History Of Electric Cars: Quick Facts


An electric vehicle (EV), also referred to as a battery-electric vehicle (BEV) is not a new invention or even an invention of modern times. Indeed, EVs were first developed more than a 100 years ago in the 19th century. Inventors from various countries, to include European countries and the United States, were the first to invest in electric motors and batteries. The first practical electric cars were built in the second half of the nineteenth century, with the first US electric car introduced in 1890.
Electric vehicles came into prominence in the early 1900’s, a time when horse-drawn carriages were the primary mode of transportation. Archived black and white photographs from that period show famous avenues like Madison Avenue in New York city filled with horse-drawn carriages. In stark contrast, a similar photograph taken a decade later of Madison Avenue showed not a single horse-drawn carriage. Instead the avenue was filled with motor vehicles, a new invention. It was the beginning of man’s love affair with cars that has lasted more than a century and still going strong. 
However, the uptake of electric vehicles in the early 20th century was short-lived, as gasoline powered vehicles propelled by internal combustion engines (ICE) become the preferred mode of transportation. Bottom-line, manufactures chose internal combustion engines over electric cars in the early 1900s for various reasons, to include, the costs and production volumes.  

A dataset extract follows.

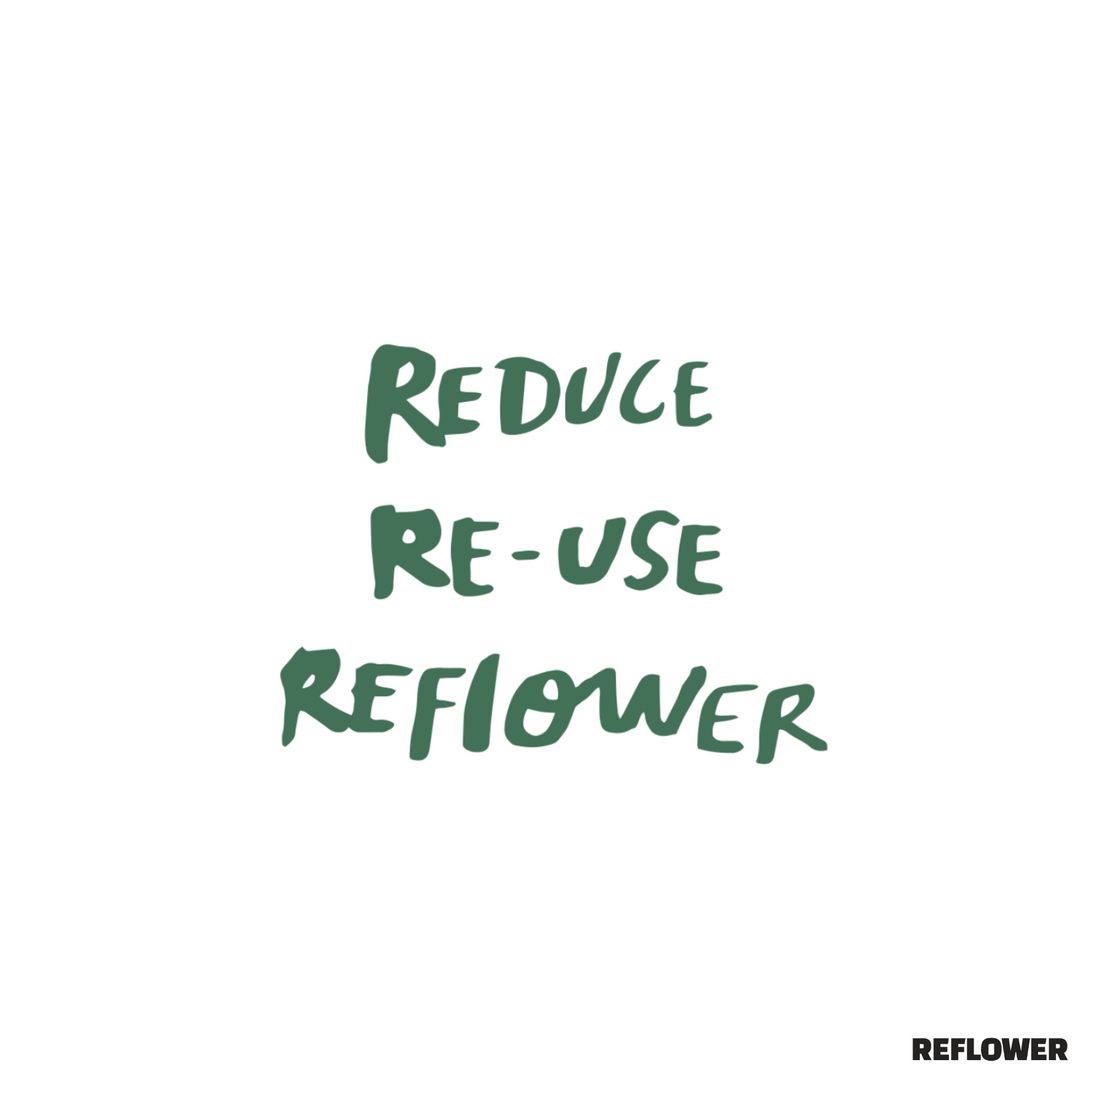 Reflower Refund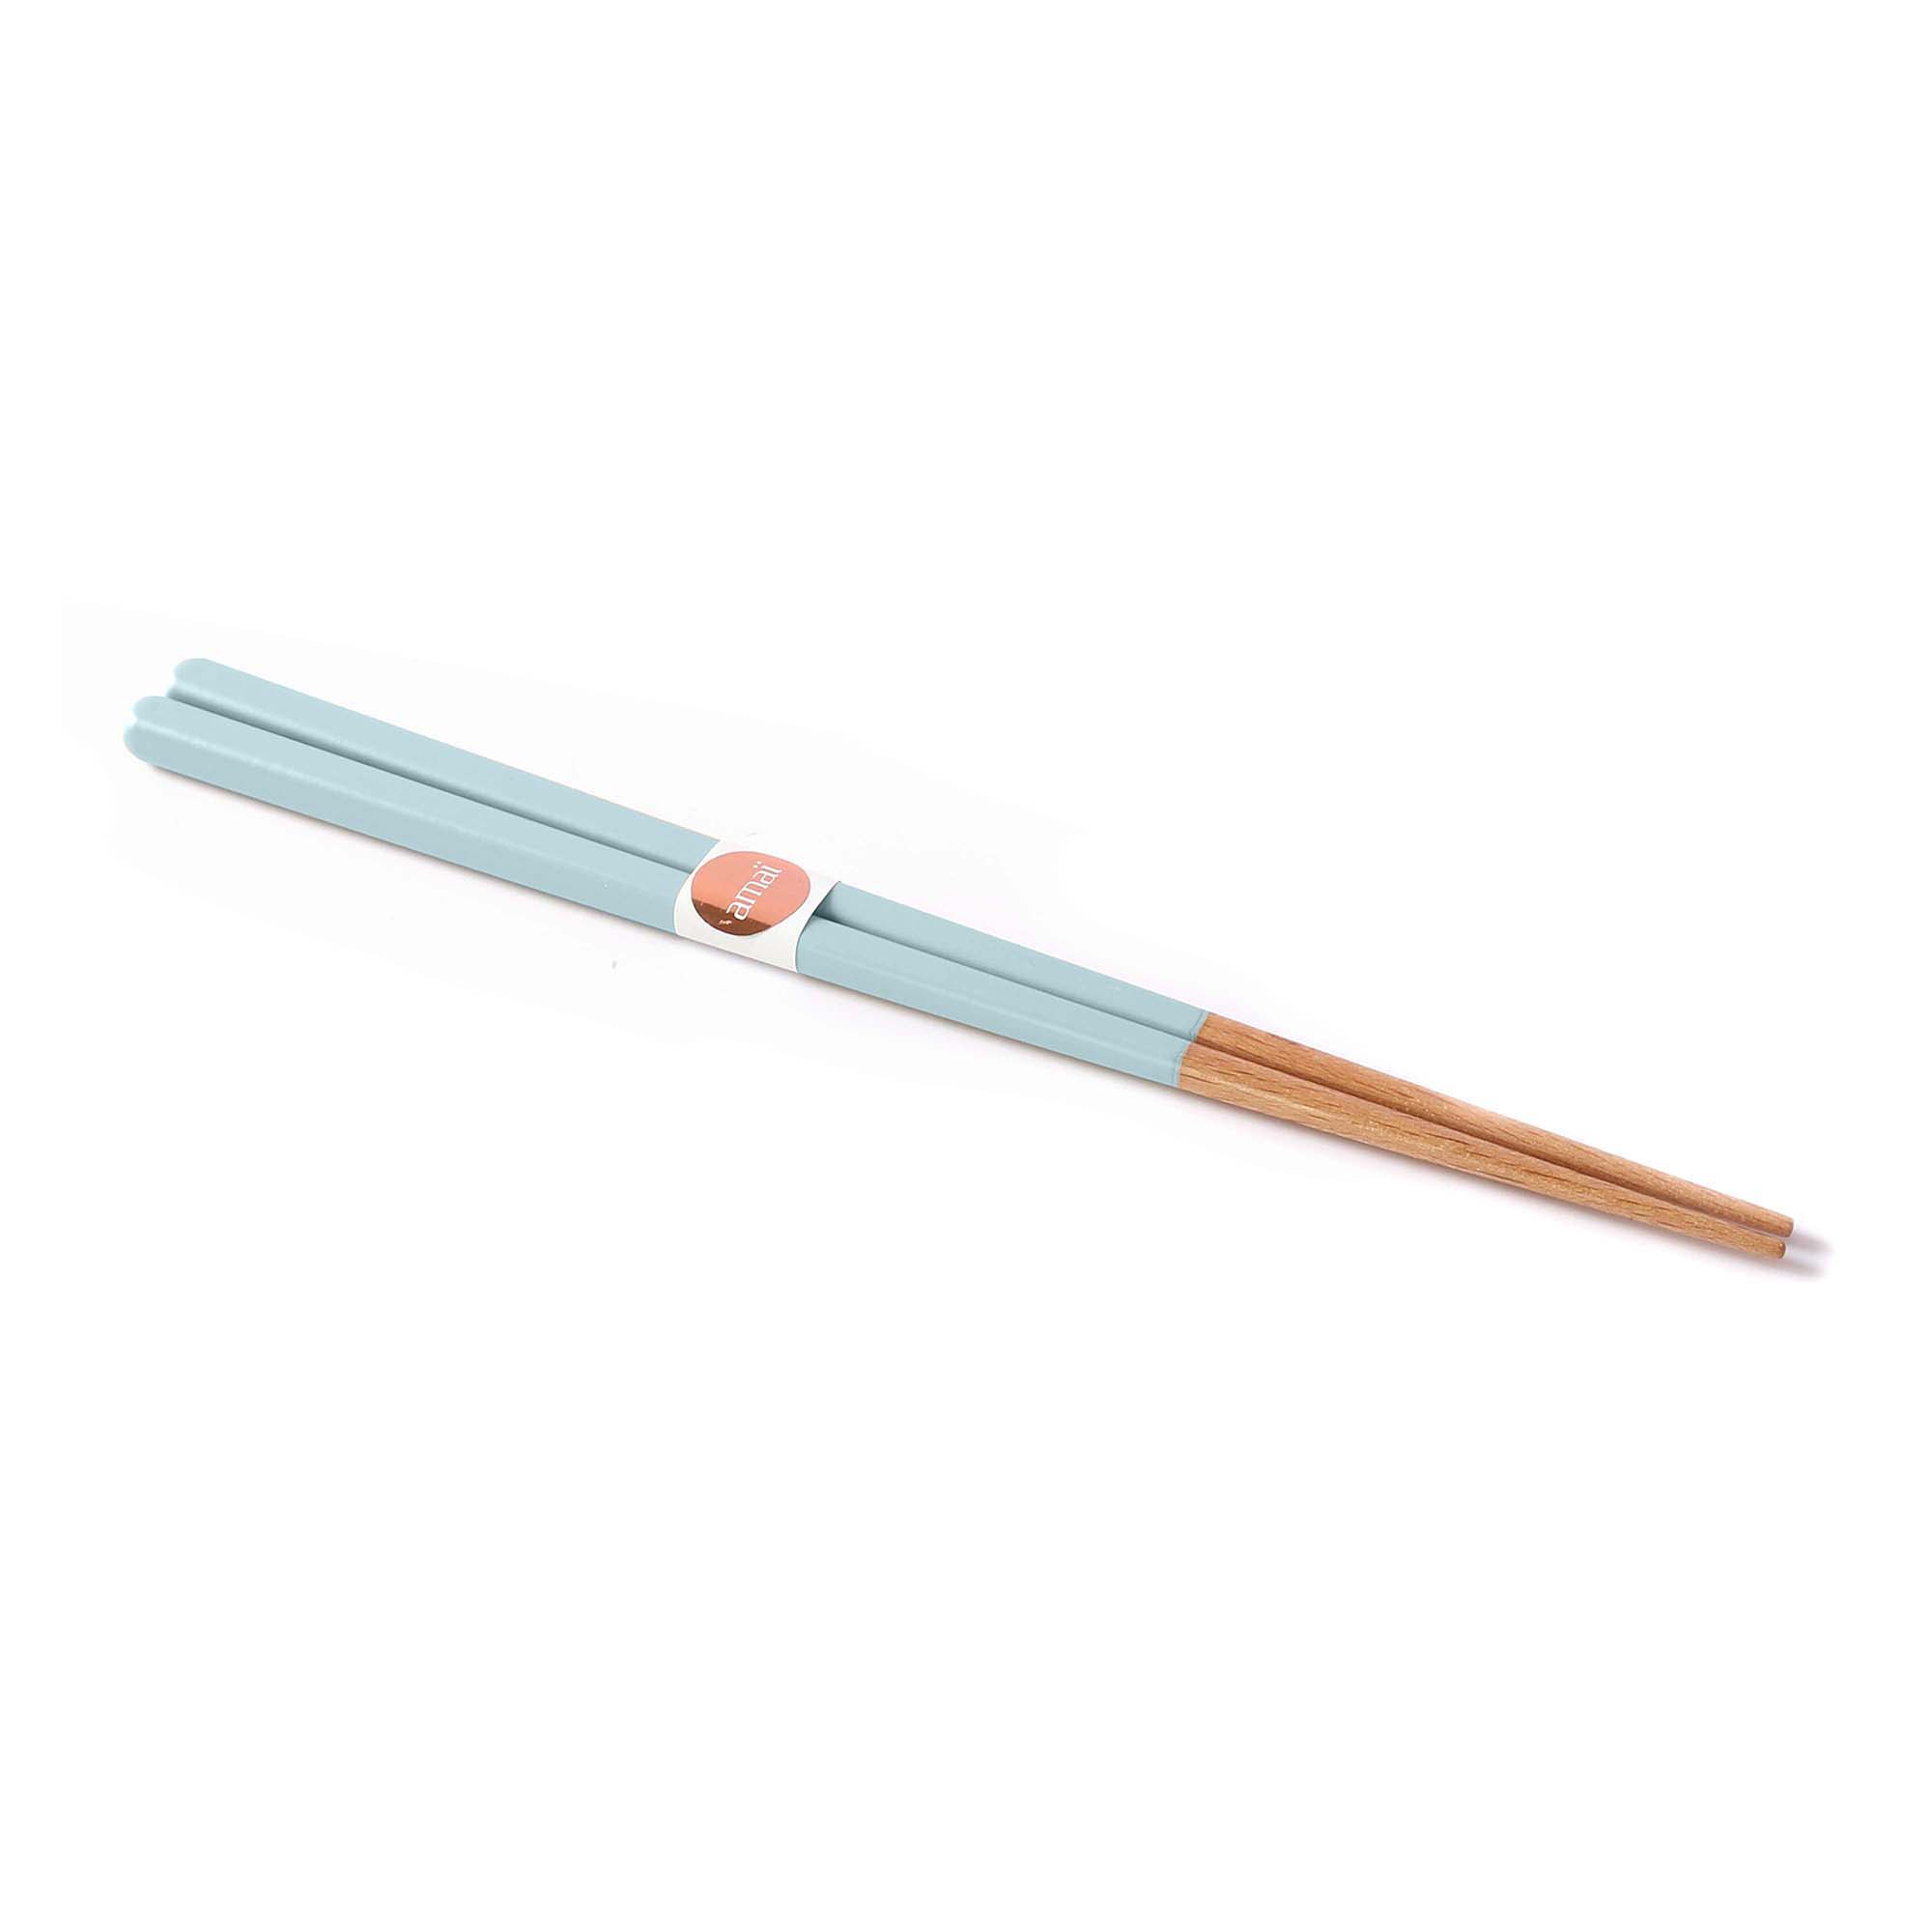 Pokee chopsticks: Light blue

It is not definitive as to where EVs were invented or to credit a single inventor. However, one known electric motor (small-scale) was created in 1828 by Anyos Jedlik, a Hungarian inventor, engineer, physicist and Benedictine priest. Hungarians and Slovaks still consider him to be the unsung hero of the electric motor.  
Shortly after, between 1832 and 1839, a Scottish inventor Robert Anderson created a large electric motor to drive a carriage, powered by non-rechargeable primary power cells. Through the 19th century a number of inventors were inspired to develop electric motors to include, Thomas Davenport, an American from Vermont credited with building the first DC electric motor in America (1834). Unlike many of his contemporaries and other trying to build electric motors, Davenport did not have a background in either engineering or physics. In fact, he was a blacksmith. 
Move forward a few decades and at the end of the 19th century, William Morrison created what is believed to be the first practical electric vehicle. Morrison, another American from Des Moines, Iowa, was a chemist who became interested in electricity. He build the first electric vehicle in 1887 in a carriage built by the Des Moines Buggy Co. His first attempt was not a great success. In 1890, he attempted again, with more success. 12 EVs were built using a carriage built by the Shaver Carriage Company.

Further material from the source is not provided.